How to detect answering machines (AMD)

Detection of an answering machine on the emission of calls by robots.

This subject is not yet evoked on the web in France in 2020 because to reach this problem, it is necessary to understand that it is not always easy for a robot to detect that the robot is addressing a classic answering machine with DTMF keys or why not another robot (in the case of the virtual secretaries that we have set up).  When a human picks up the phone, in general, he or she will speak in a very short way: “Hello” or “yes hello” or “who is this” ? etc… When, on the other hand, the answering machine is triggered, we will have a more or less long tirade and the possibility to leave a message to our interlocutor. 
How can we effectively detect that we are dealing with an answering machine and a voice mail?
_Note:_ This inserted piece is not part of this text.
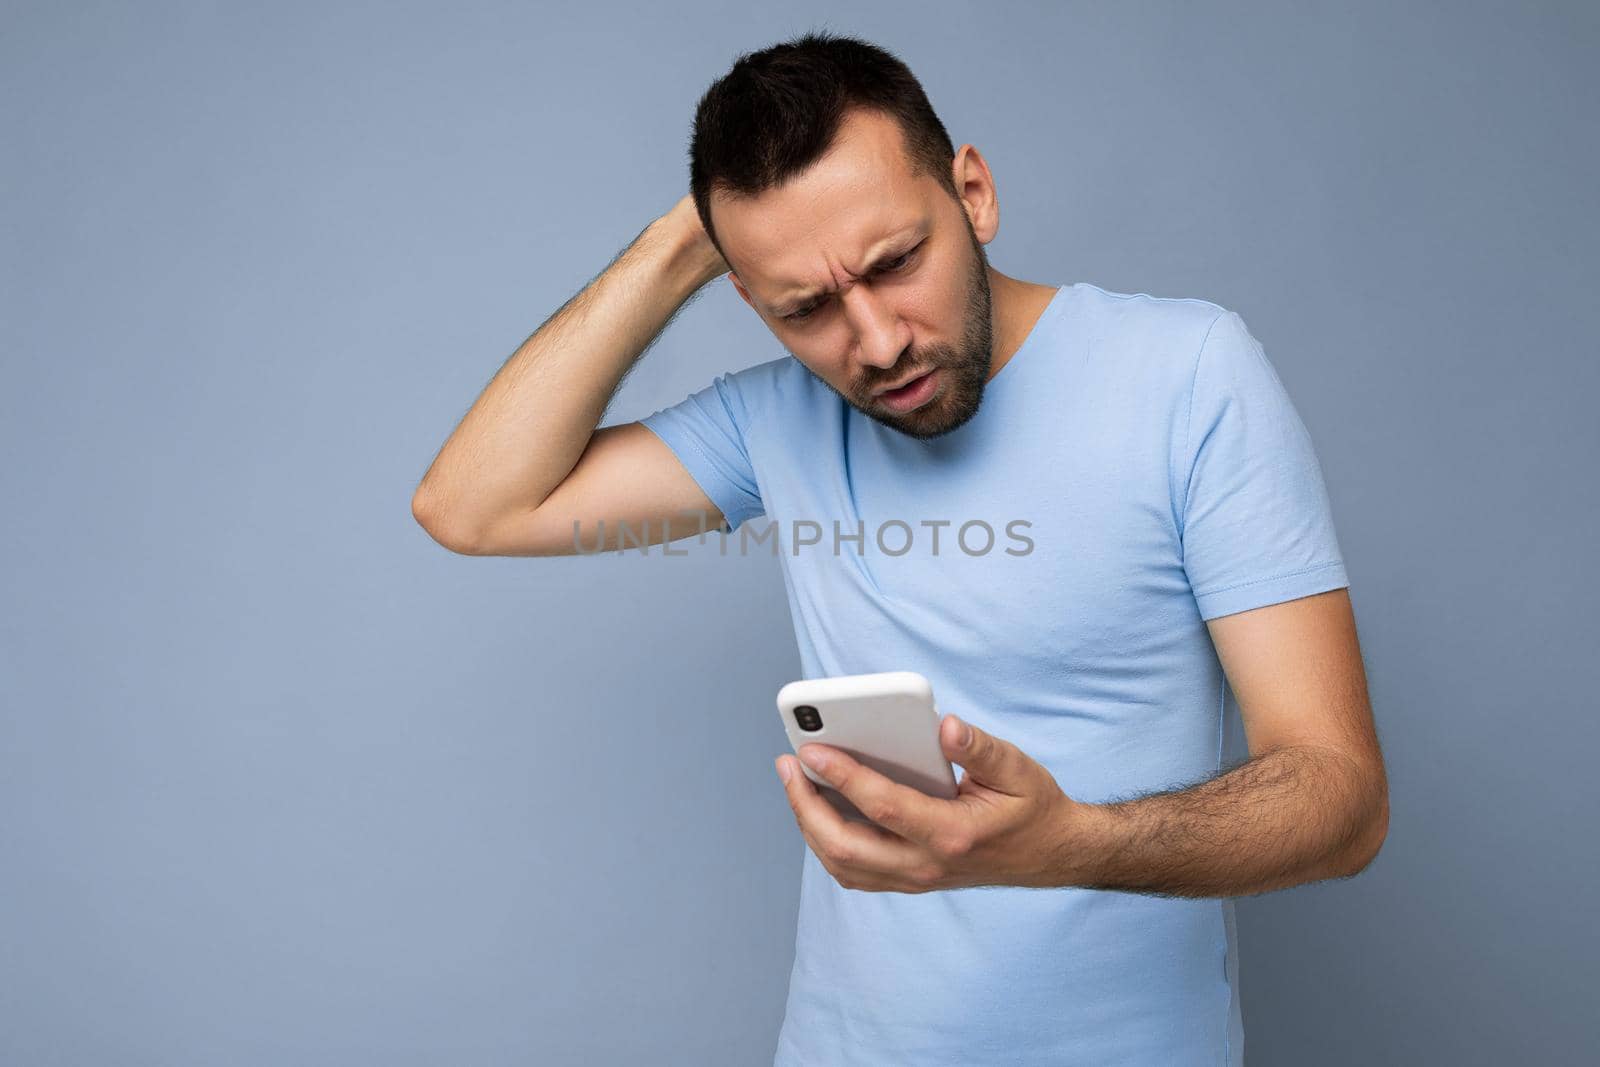 Photo shot of handsome don't understanding asking good looking young man wearing casual stylish outfit poising isolated on background with empty space holding in hand and using mobile phone messaging sms looking at smartphone display screen.

The tool is adapted to understand the voice and the duration of the first message and its content and also the environment which can be noisy. We can therefore measure with precision the duration of the speech of this first interaction which will generally be longer than a human.  We can also detect a small tone or BIP just before leaving a message. This signal is an important indicator in the choice of the scenario to close the conversation. 
It is possible to leave a message for example, but here again, you must be able to record it and you must use little tricks that no one knows of. All of this is preconfigured in our platform to avoid you asking this type of question: What should I do when I meet an answering machine?
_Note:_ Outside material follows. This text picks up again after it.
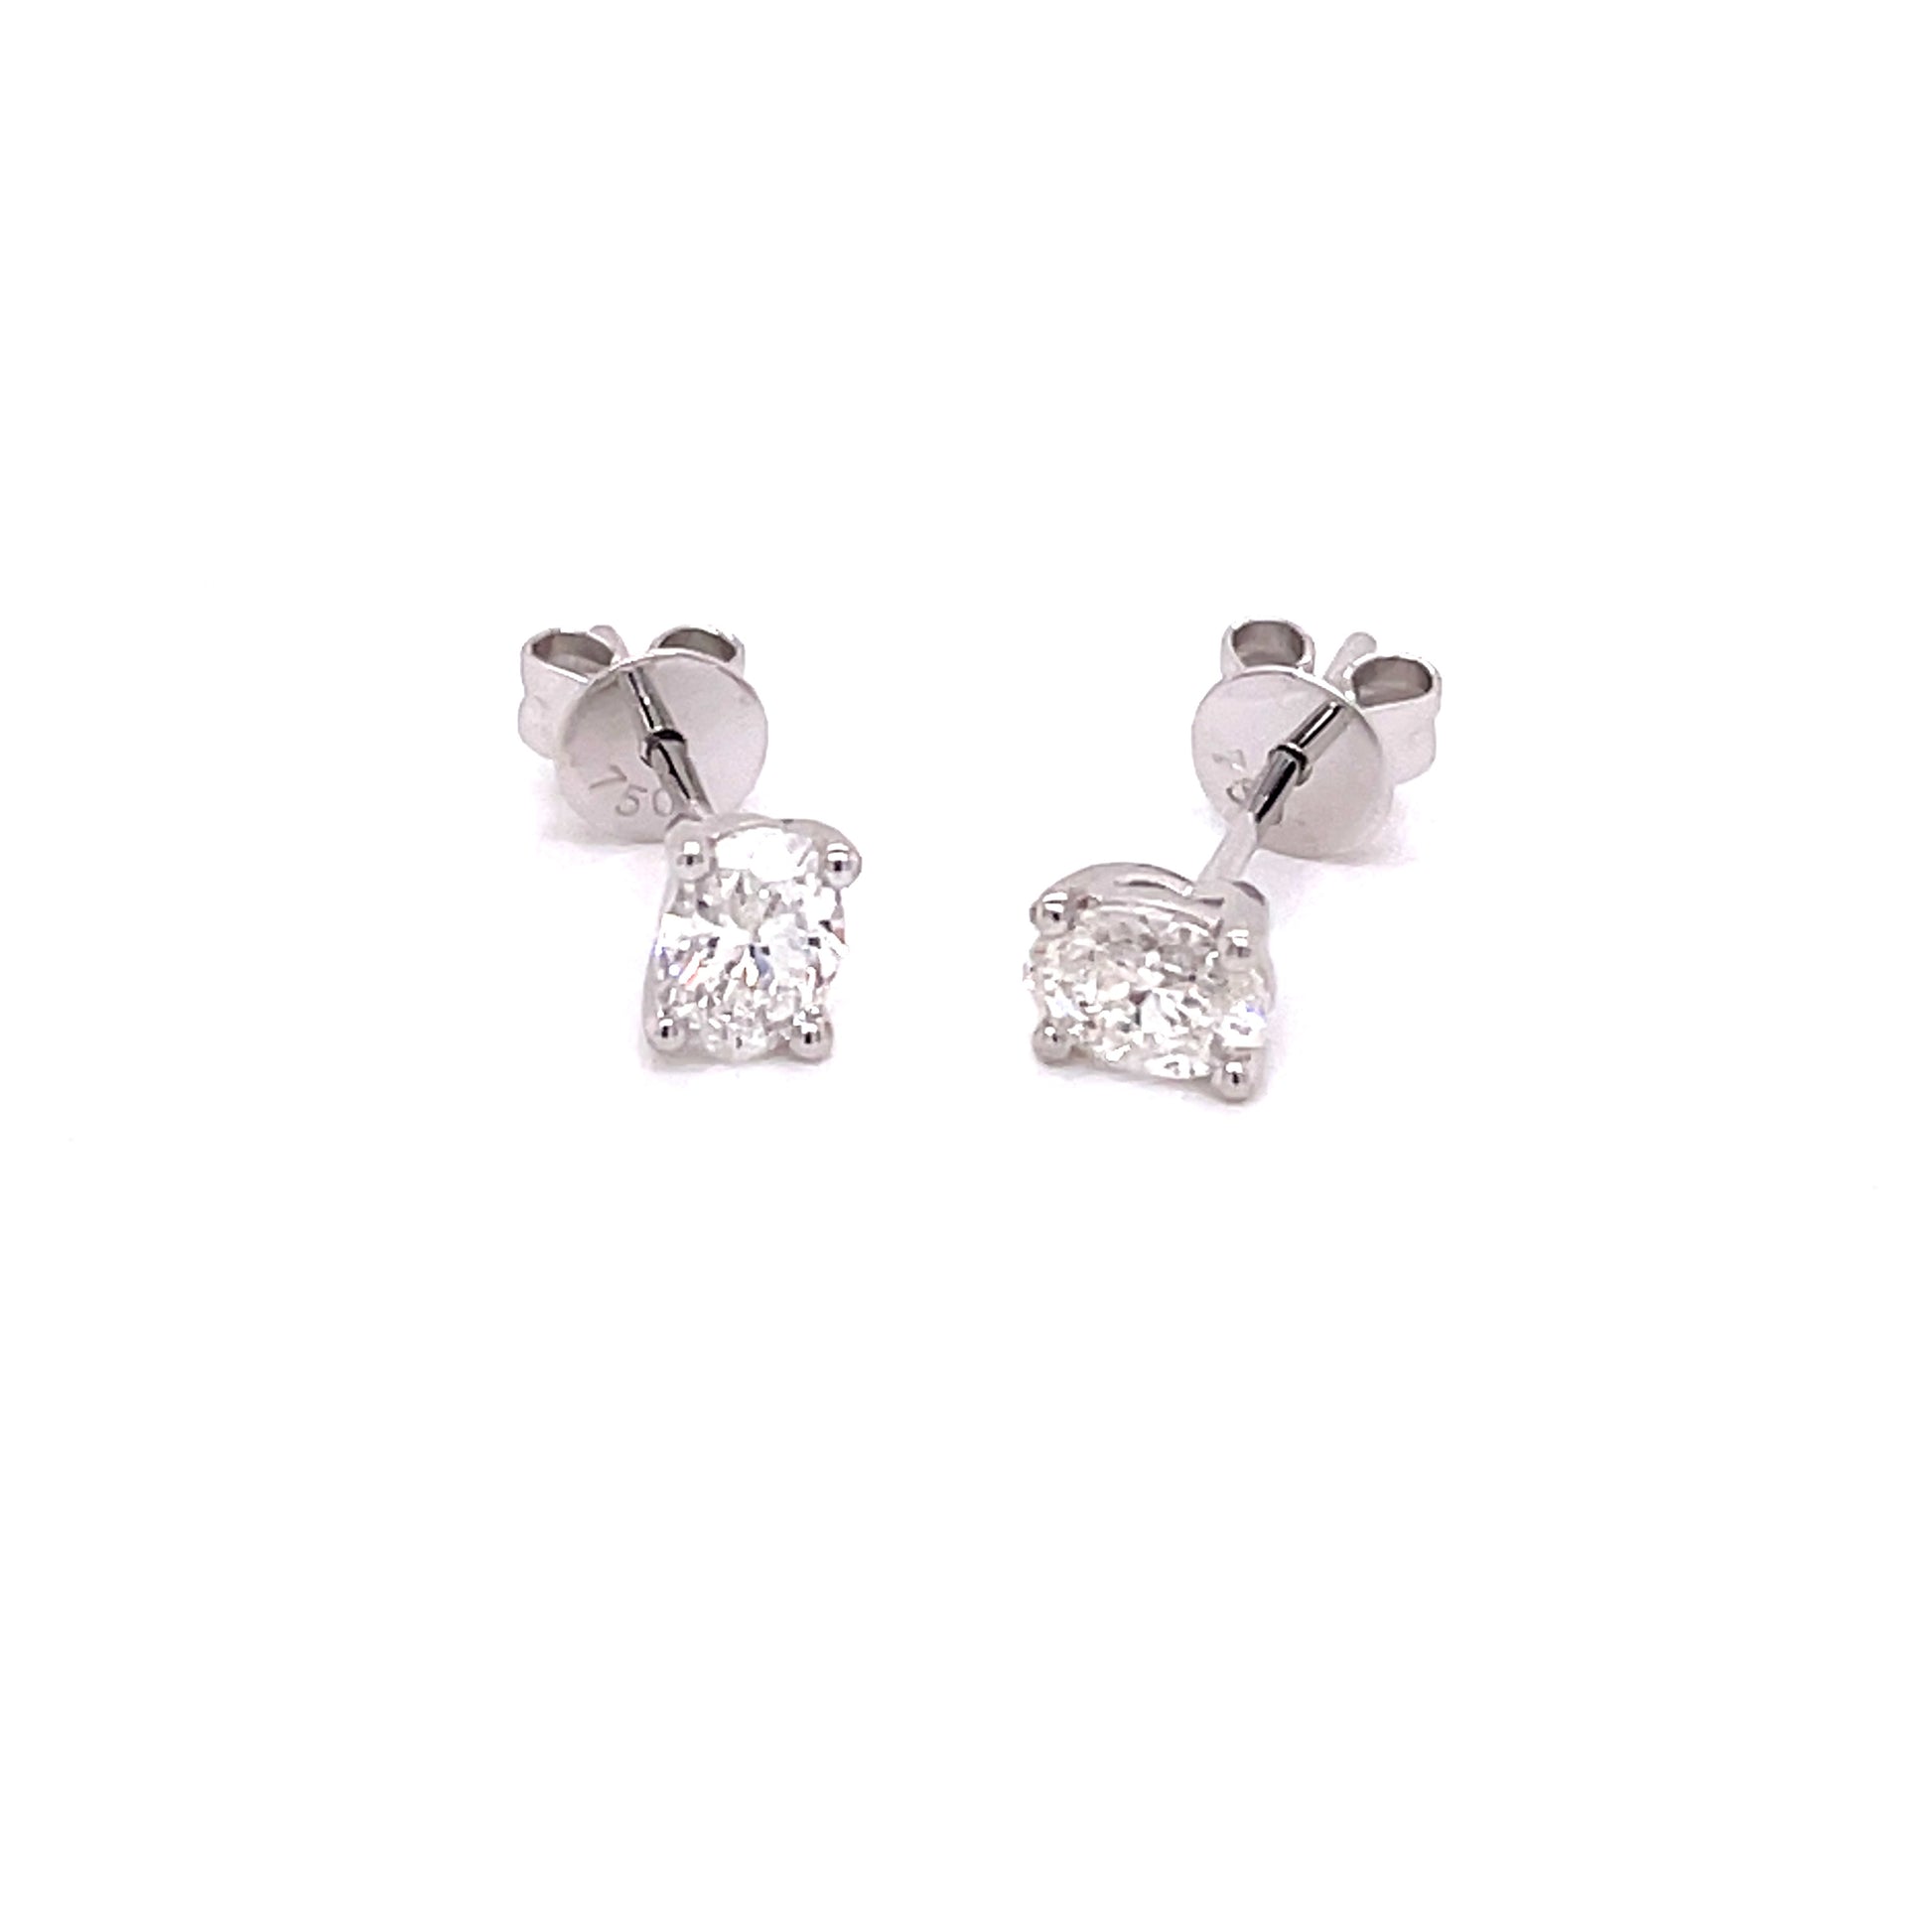 Oval Shaped Diamond Solitaire Earrings - 0.60cts  Gardiner Brothers

We take advantage of our voice recognition engines to detect the tone of the answering machine and the transcript before indicating that you can leave the message. This ensures that the entire message is successfully delivered or that the call can be automatically replayed at another time.
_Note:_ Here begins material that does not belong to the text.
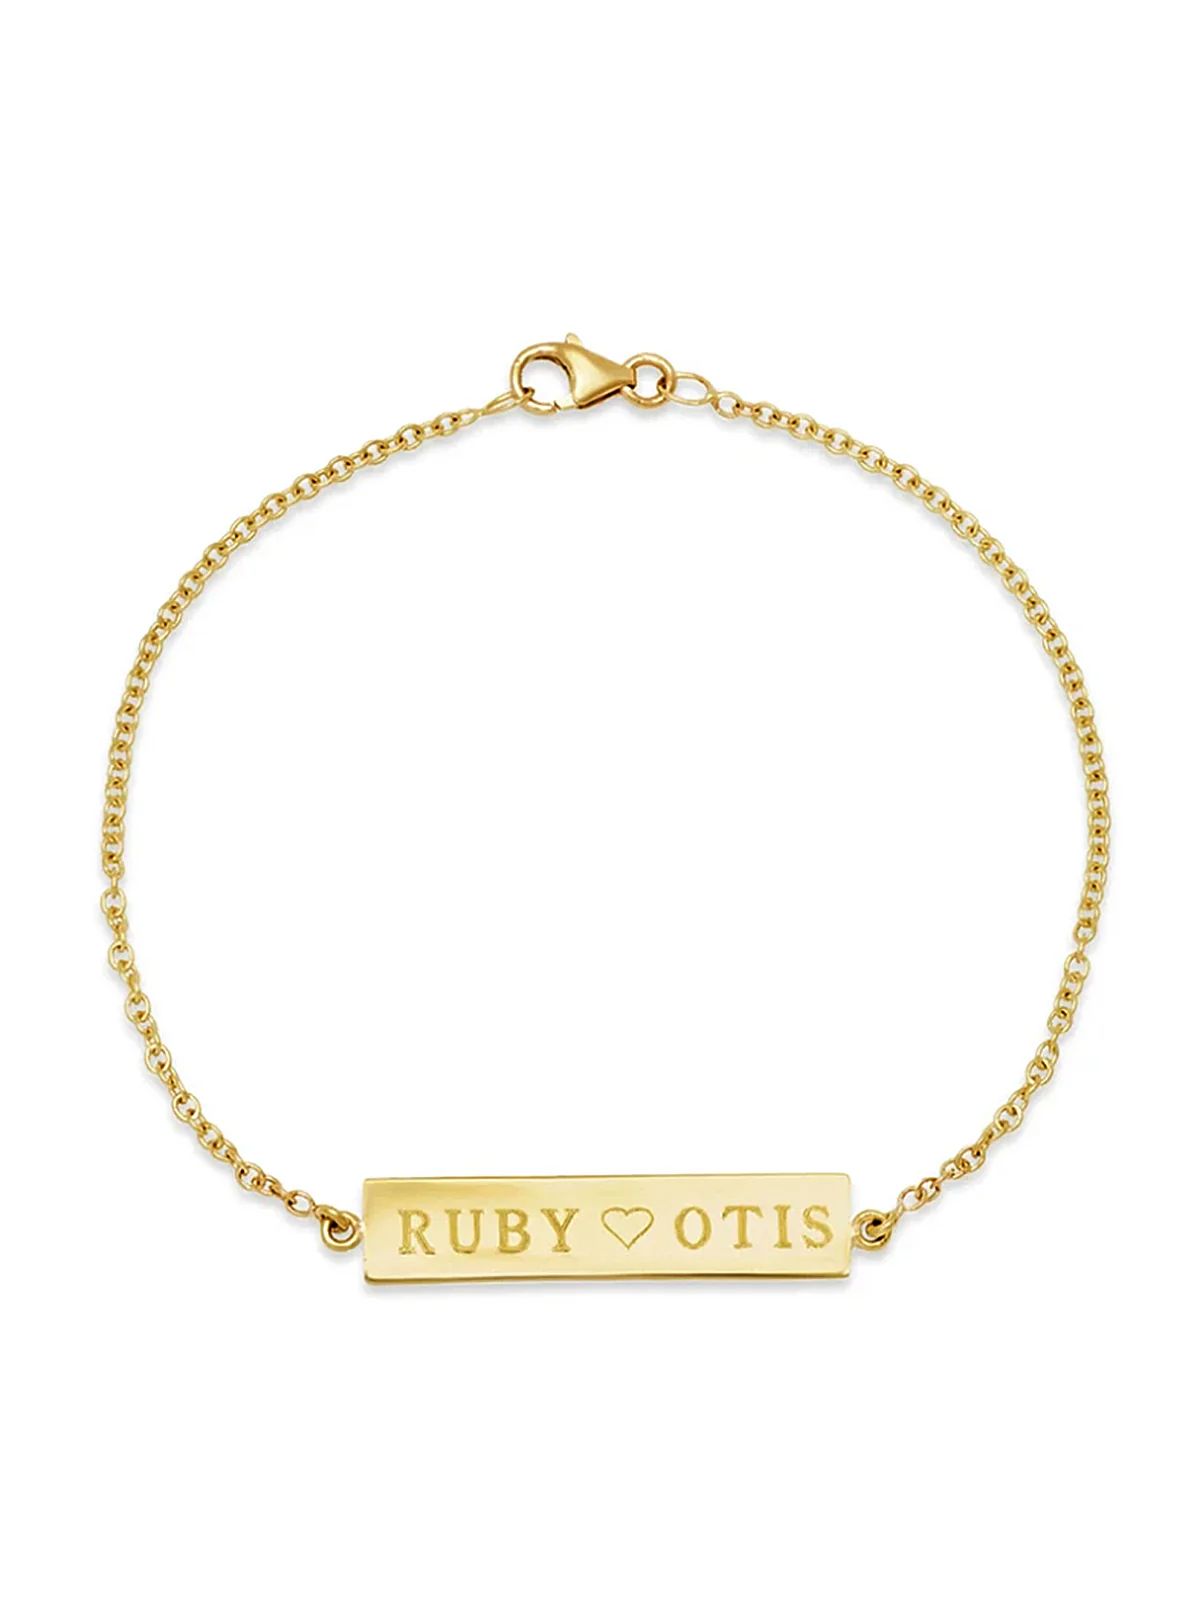 Personalized Nameplate Yellow Gold Bracelet | YLANG 23

More than 70% of unknown calls are redirected to voicemail because people do not like to talk to strangers. Thanks to deeplearning and acoustic modeling, digital signal processing techniques can tell if a person has actually picked up the phone. The analysis of audios is always interesting because it allows to enrich the knowledge base on the “answering machine” part. The understanding of audio spectra also allows to detect other sound samples and surrounding noises: The television, the train, the car to mention only them, birds. It is likely that in the future, legislation will prohibit communication between a robot and a person in a car for example.

However, we must beware of false positives, where the robot would think that we are on an answering machine or the opposite. The human sometimes picks up the phone but does not speak immediately and waits or does not speak loud enough and there is a long silence. It has been calculated that everything happens in the first second of the call and that some answering machines are impossible to detect. The most important thing is to be able to cut the conversation when we understand that it is an answering machine or a music on hold right after the dialing of the called person.

In the case of call transfers, it is also necessary to imagine more complex scenarios in the event that you also get an answering machine and therefore you must be able to return to the conversation. I’m telling you: it is complex.